На звук его голоса Гестер подняла голову, а потом склонилась над едой, как будто всего мгновение назад не пыталась до смерти напугать меня. Я стала изворачиваться, пытаясь вырваться из железной хватки незнакомца, который с недоумением смотрел на сидящую в вездеходе Грейс.
— Вы кто? — спросил он меня.
— Элис, — четко ответила я. — Приятно познакомиться. А теперь поставьте меня на землю.
Он разжал руки.
— Вы идиотка? Это же африканский слон!
— Я не идиотка, а доктор наук. И изучаю как раз африканских слонов.
Он был высоким, с кожей кофейного цвета, а глаза такие черные, что я почувствовала, как теряю равновесие.
— Гестер вы не изучали, — пробормотал он, но так тихо, что я не должна была этого услышать.
Он был минимум лет на десять старше жены, которой я дала бы двадцать с небольшим. Он шагнул к вездеходу, рядом с которым стояла Грейс.
— Почему ты мне не сообщила?
— Ты не пришел за корзиной Гестер, я решила, что ты занят.

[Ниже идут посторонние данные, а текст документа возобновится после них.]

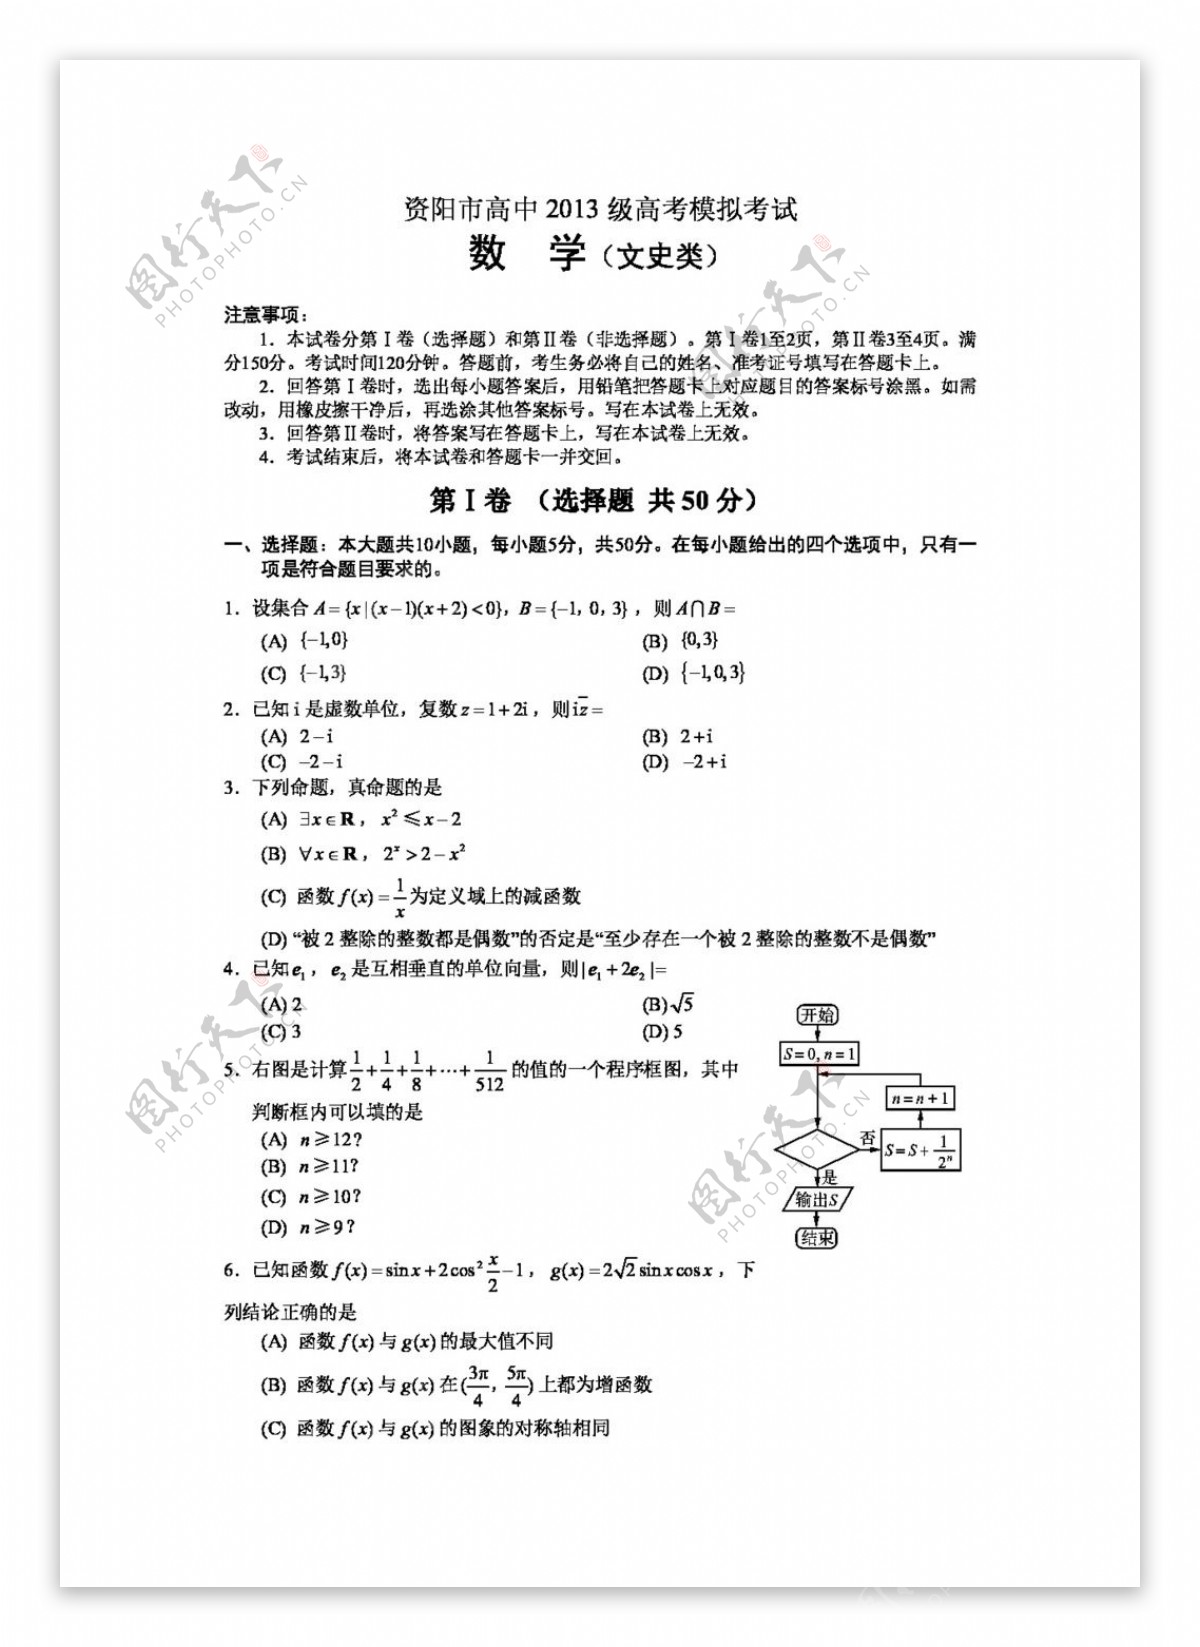 数学人教版四川省资阳市高中2013级高考模拟考试数学文史类

Она встала на цыпочки и охватила Гидеона за шею.
Обнимая Грейс, Гидеон не сводил с меня глаз, как будто все еще пытался решить, не идиотка ли я. Я понимала, что причиной тому — разница в росте, но выглядело так, как будто Грейс повисла на краю утеса.
Когда я возвратилась в контору, Томаса еще не было — он отправился в город, чтобы договориться о фургоне, который привезет в заповедник нового слона. Я едва обратила на это внимание. Я бродила по заповеднику, занималась своим исследованием, изучала то, чего не смогла изучить в дикой природе.
Я уделяла мало внимания индийским слонам, поэтому решила какое-то время за ними понаблюдать. Есть старый анекдот: «Какова разница между африканским и индийским слоном?» — «Пять тысяч километров». Но разница между ними действительно существует — индийские слоны спокойнее, чем африканские, к которым я привыкла, они выглядят менее напряженными и импульсивными. Эти различия заставляют меня задуматься об обобщениях, которые мы делали относительно людей, принадлежащих к двум этим культурам, как будто слоны наследуют характерные черты народа. В Азии чаще встретишь людей, которые из вежливости отводят глаза. В Африке дерзко вскидывают голову и смотрят прямо в глаза — не потому, что бросают вызов, а потому, что это общепринятая манера поведения.
Сира только что вошла в пруд: она била хоботом по воде, поднимая брызги, обливая своих подруг. Под визг и гомон еще одна слониха скатилась по склону в воду.
— Похоже, как будто сплетничают, верно? — раздался позади меня голос. — Я всегда надеюсь, что они говорят не обо мне.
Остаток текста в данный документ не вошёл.